Дебольцов уставился подозрительно: что же, не видит? Издевается просто-напросто…
Между тем мать печально опустила голову:
— Господа… поверьте: слышать надобно. А мы — глухие. Помните, у Тютчева? «Вражду твою пусть тот рассудит, кто слышит пролитую кровь». Мы никогда не слышали…
Все поддержали, Дебольцов сжал голову, Бабин стоял рядом и смотрел сочувственно.
— Это ваше предсказание сбывается, — сказал Дебольцов обреченно. Объяснять не стал — ротмистр смеяться будет, кому охота дураком…
В киоте, в дальней комнате, нашел записку Аристарха: «Алексей, наших берут, извини — не дождался, если что, ищи в заводе». Здесь же лежал родовой складешок шейный: Смоленская и Нерукотворенный Спас. Перекрестился истово, приложил ко лбу, откуда что и взялось — никогда раньше не замечал в себе религиозной строгости.
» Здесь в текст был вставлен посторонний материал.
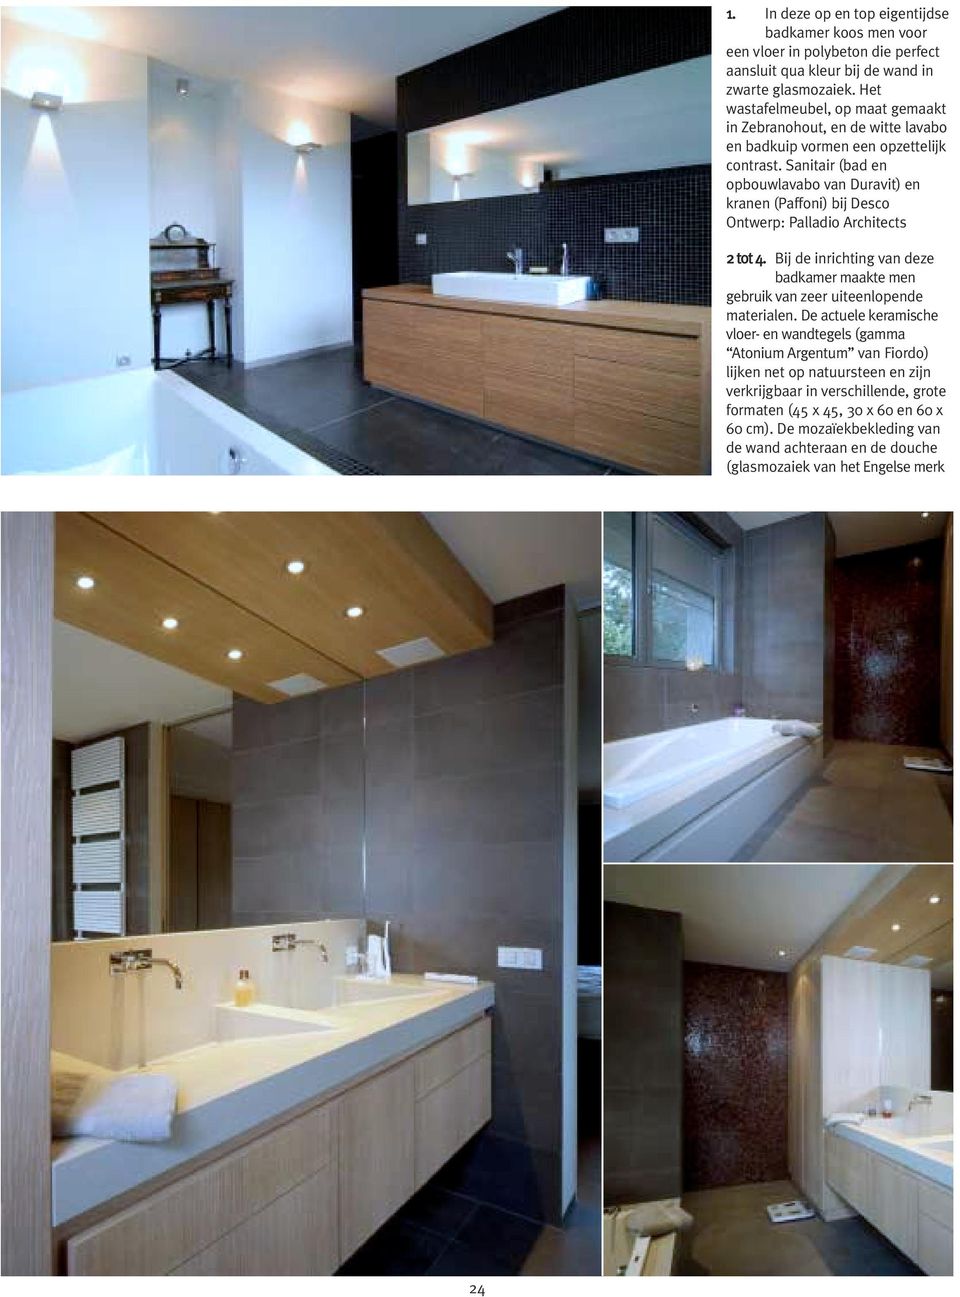 Sanitair (bad en opbouwlavabo van Duravit) en kranen (Paffoni) bij Desco Ontwerp: Palladio Architects 2 tot 4.

Бабин первым двинулся к выходу, скрипя половицами; непостижимо пробили восемь раз часы в гостиной, и еще более непостижимо прозвучал голос Петра Ивановича: «Полковник, там лампадка теплится, так вы погасите».
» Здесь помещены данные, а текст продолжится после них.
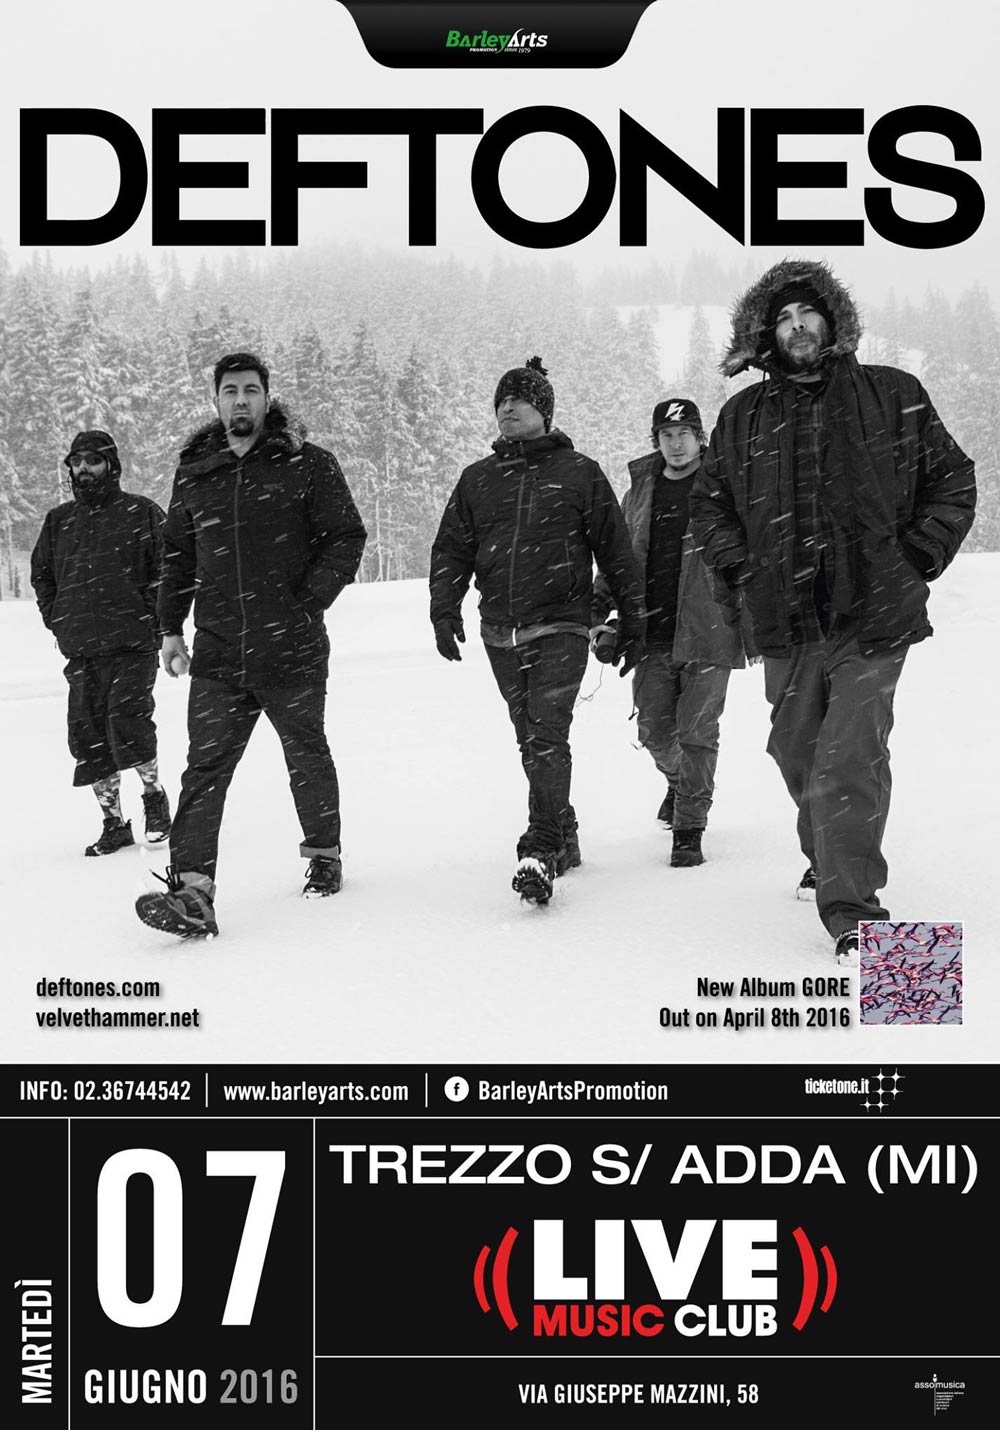 7 июня состоится концерт Deftones в Милане (Италия)

Посмотрел: лампадка раскачивалась из стороны в сторону словно маятник, как она могла двигаться, отчего? Бабин вернулся, сказал с усмешкой: «А вы говорите, полковник…»
Знак был тревожный.
Через несколько дней после визита Колчака Сергей Николаевич Тимирев решил объясниться с женой. О появлении соперника он ничего не знал, но мгновенно изменившееся настроение Анны Васильевны, улыбчивый взгляд в никуда и ответы невпопад на вполне ясные житейские вопросы привели контр-адмирала в смятение. Жену он любил и боялся потерять, роковые предположения гнал, как дурной сон на рассвете, да и не верил в общем, что решится уйти. Не может того случиться, нет, не может — убеждал он себя. Анна — вот она, рядом, руку протяни — но нет ее, проходит мимо, проходит сквозь, как это страшно, и невозможно больше делать вид, что не замечаешь.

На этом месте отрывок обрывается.